IT 专业人士的资源 > 论坛主页 > Windows HPC Server Job Submission and Scheduling > I have a lot of pending jobs -- why won't they start?
提出问题提出问题
 

已答复I have a lot of pending jobs -- why won't they start?

  • 2009年5月22日 0:31Luke Scharf 用户奖牌用户奖牌用户奖牌用户奖牌用户奖牌
     
    My compute Cluster Administrator looks like this:

    Compute Nodes:
      Ready Nodes: 113
      Paused nodes: 2
      Unreachable Nodes: 1
      Pending for Approval nodes: 0

    Compute Jobs:
      Running jobs: 20
      Pending jobs: 1613
      Total jobs in queue: 189993
      Failed jobs: 58
      Cancelled jobs: 2
      finished jobs: 188300

    Flipping over to the "Node Management" screen, I see that I have several hundred cores free.

    If this were Torque/Moab, I would check to make sure that the queue is active, make sure that there are no reservations covering open nodes, make sure that the user's hat has sufficient funds to cover the operation...  But I don't have any of these buttons in the Compute Cluster Administrator, or the Compute Cluster Job Manager.

    When I look in the Compute Cluster Job Manager, there aren't notes in the "Pending Reason" field for most of the jobs.  The ones that do have a note say something to the effect of "a job of equal priority was queued earlier".

    I've done a cursory check of the system's Application Log and also "C:\Program Files\Microsoft Compute Cluster Pack\LogFiles", but nothing jumps out at me.  I'm unfamiliar with the error messages that are normally generated, though, so I don't really know what to grep for.

    The "node list" shows that 113 nodes are "READY", with nearly all of their CPUs "IDLE".

    What can cause 1613 jobs all be held, and not launched?  Is there anything that I should be looking for in the logs or in  to look for in either the logs or Any ideas would be greatly appreciated!

答案

  • 2009年5月22日 21:37Luke Scharf 用户奖牌用户奖牌用户奖牌用户奖牌用户奖牌
     已答复
    Yes, the scheduler service was restarted several times, and the machine was even rebooted.  For some reason, it just started running jobs again this morning, even though the scheduler crashed crashed several more times.  We're back in production, but I would like to understand what happened so that I can prevent it from happening in the future.

    When it crashes, eventvwr's application log shows a .Net "unhandled exception" error.  We're back in production now, and that error has been rotated off of the back of the event log.

全部回复

  • 2009年5月22日 0:41Steve Chilcoat 用户奖牌用户奖牌用户奖牌用户奖牌用户奖牌
     
    Is the scheduler service running?
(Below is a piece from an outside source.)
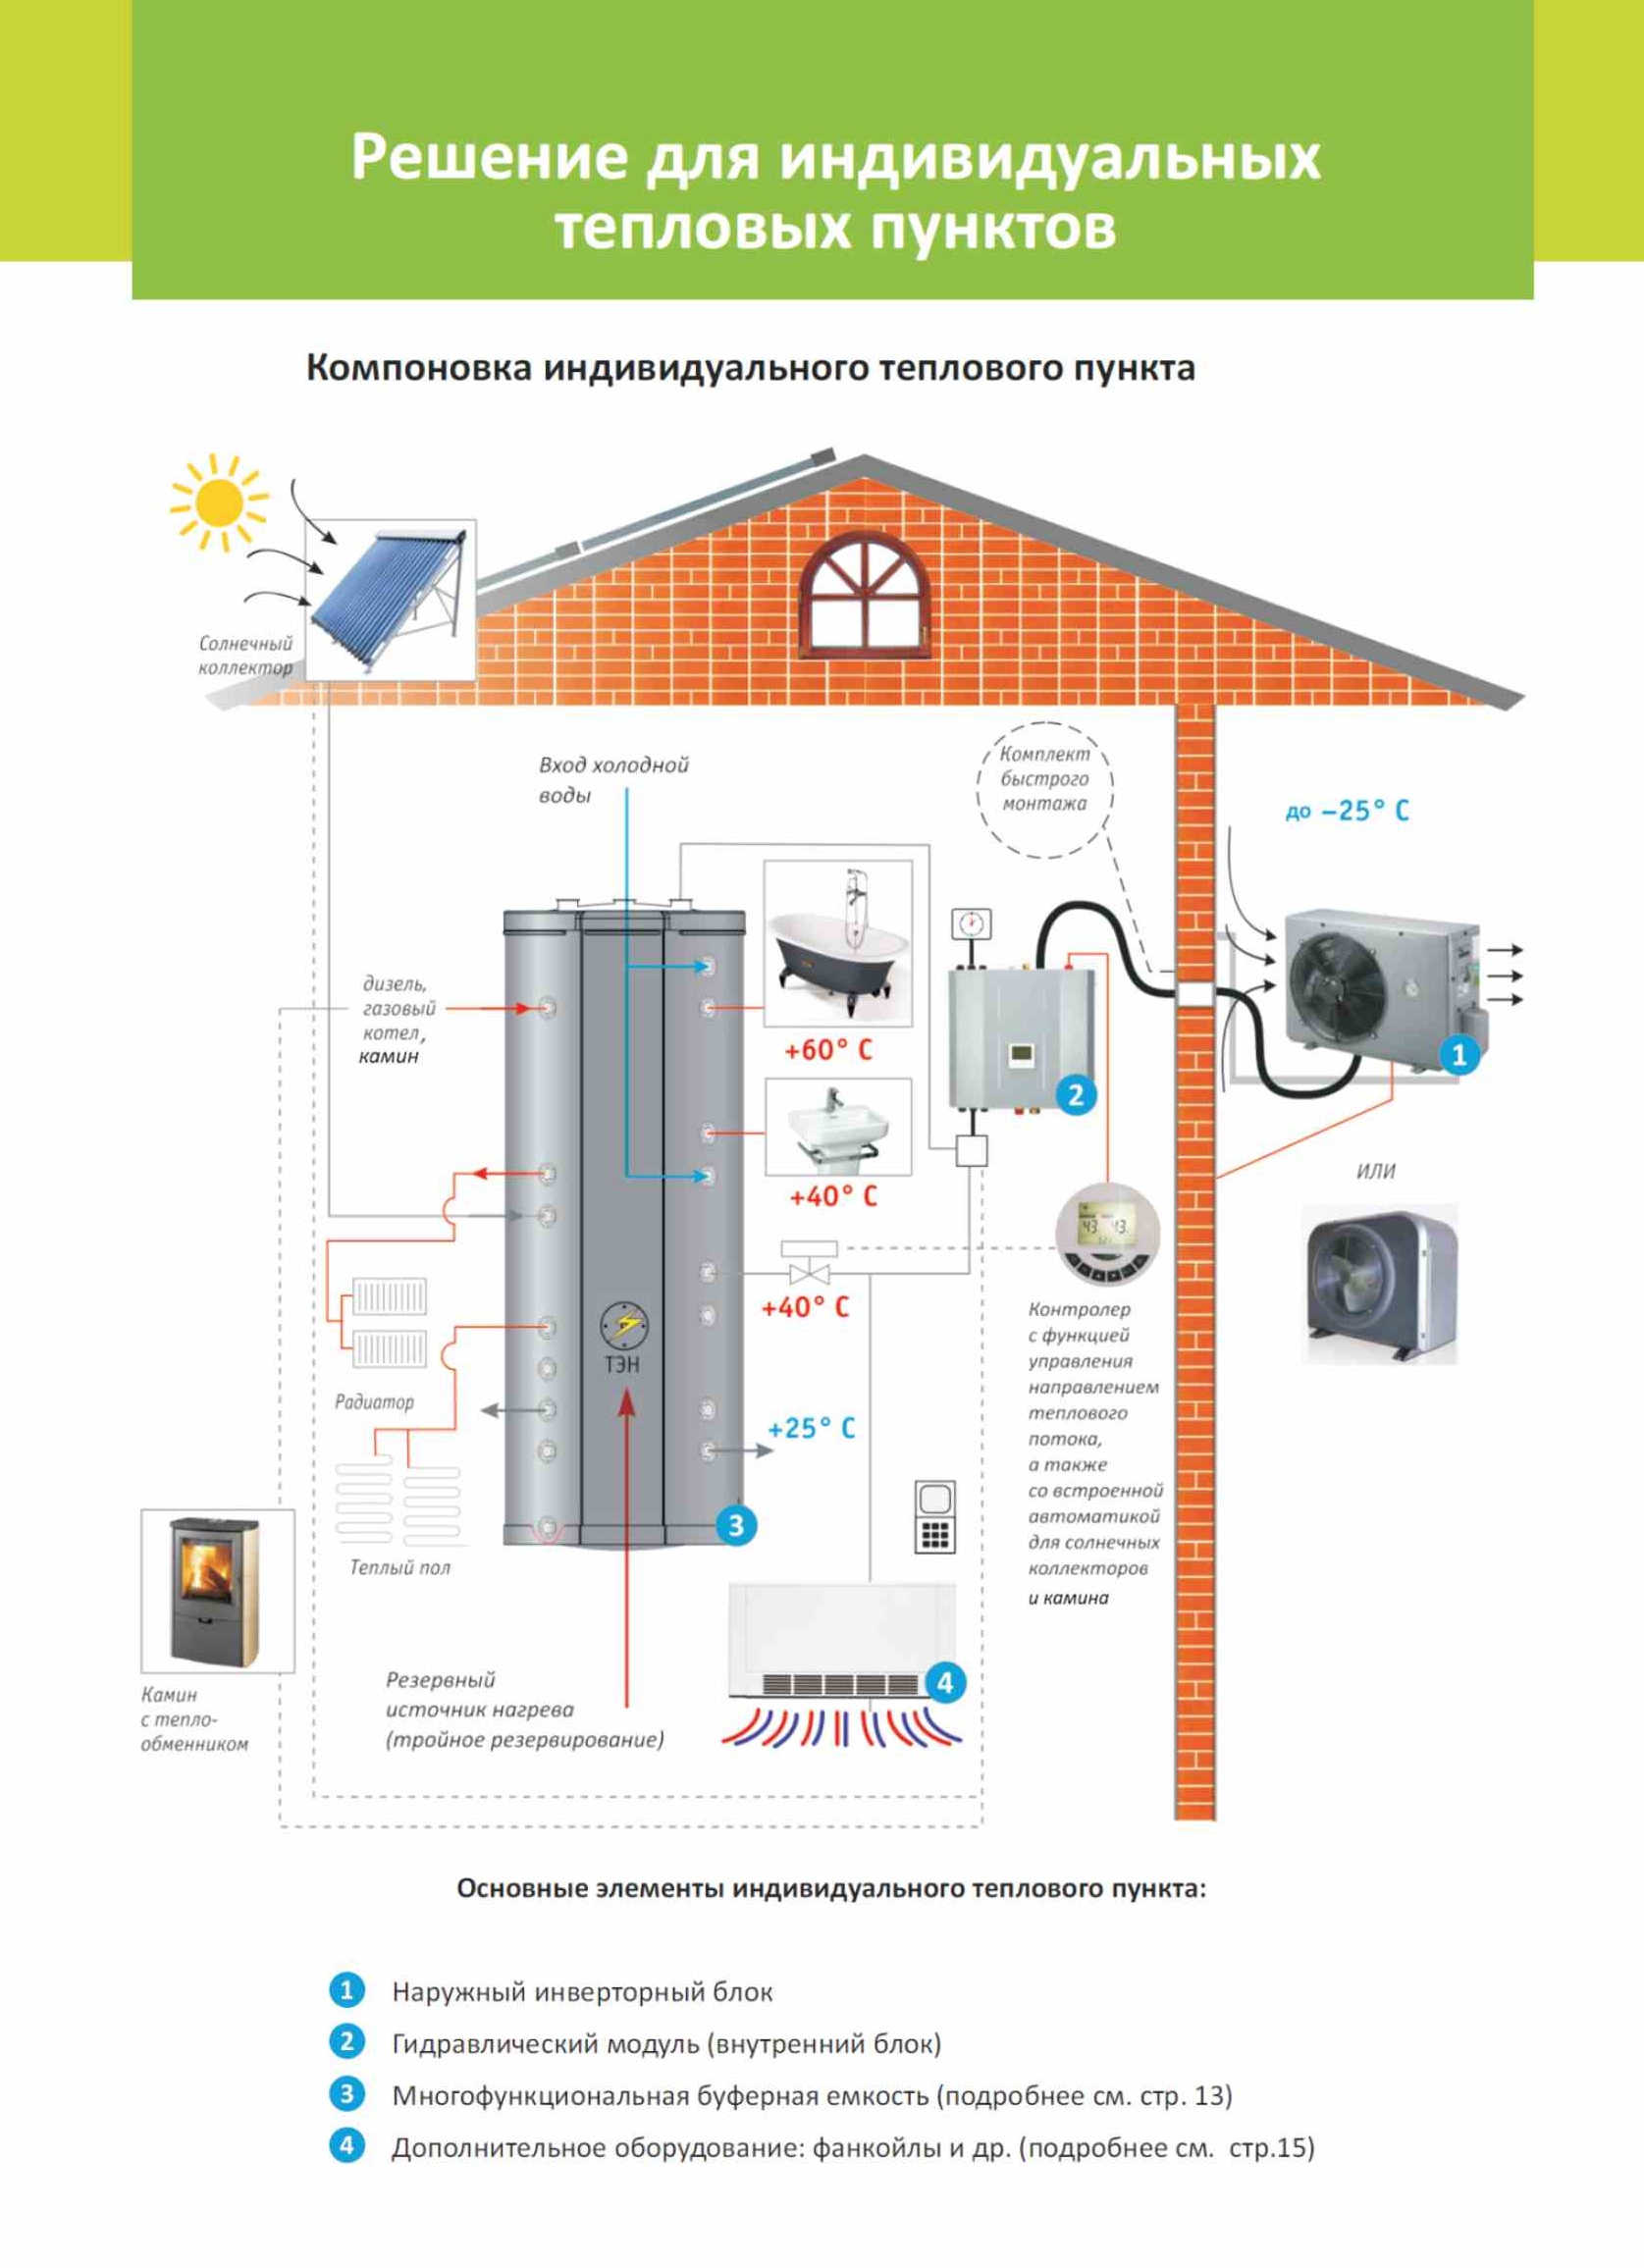 Энергоэффективные системы отопления. Экономим на отоплении в 4 раза.

If not try to start it & see if your jobs start to execute. If it is running try restarting it and see if your jobs start to execute.

    Steve Chilcoat
  • 2009年5月22日 16:19Jeff Baxter 用户奖牌用户奖牌用户奖牌用户奖牌用户奖牌
     
    the other thing to check is to make sure that the UI is reporting the node information correctly, and you dont have nodes that have gone unreachable. We have seen cases where the UI and the underlying system were out of sync here.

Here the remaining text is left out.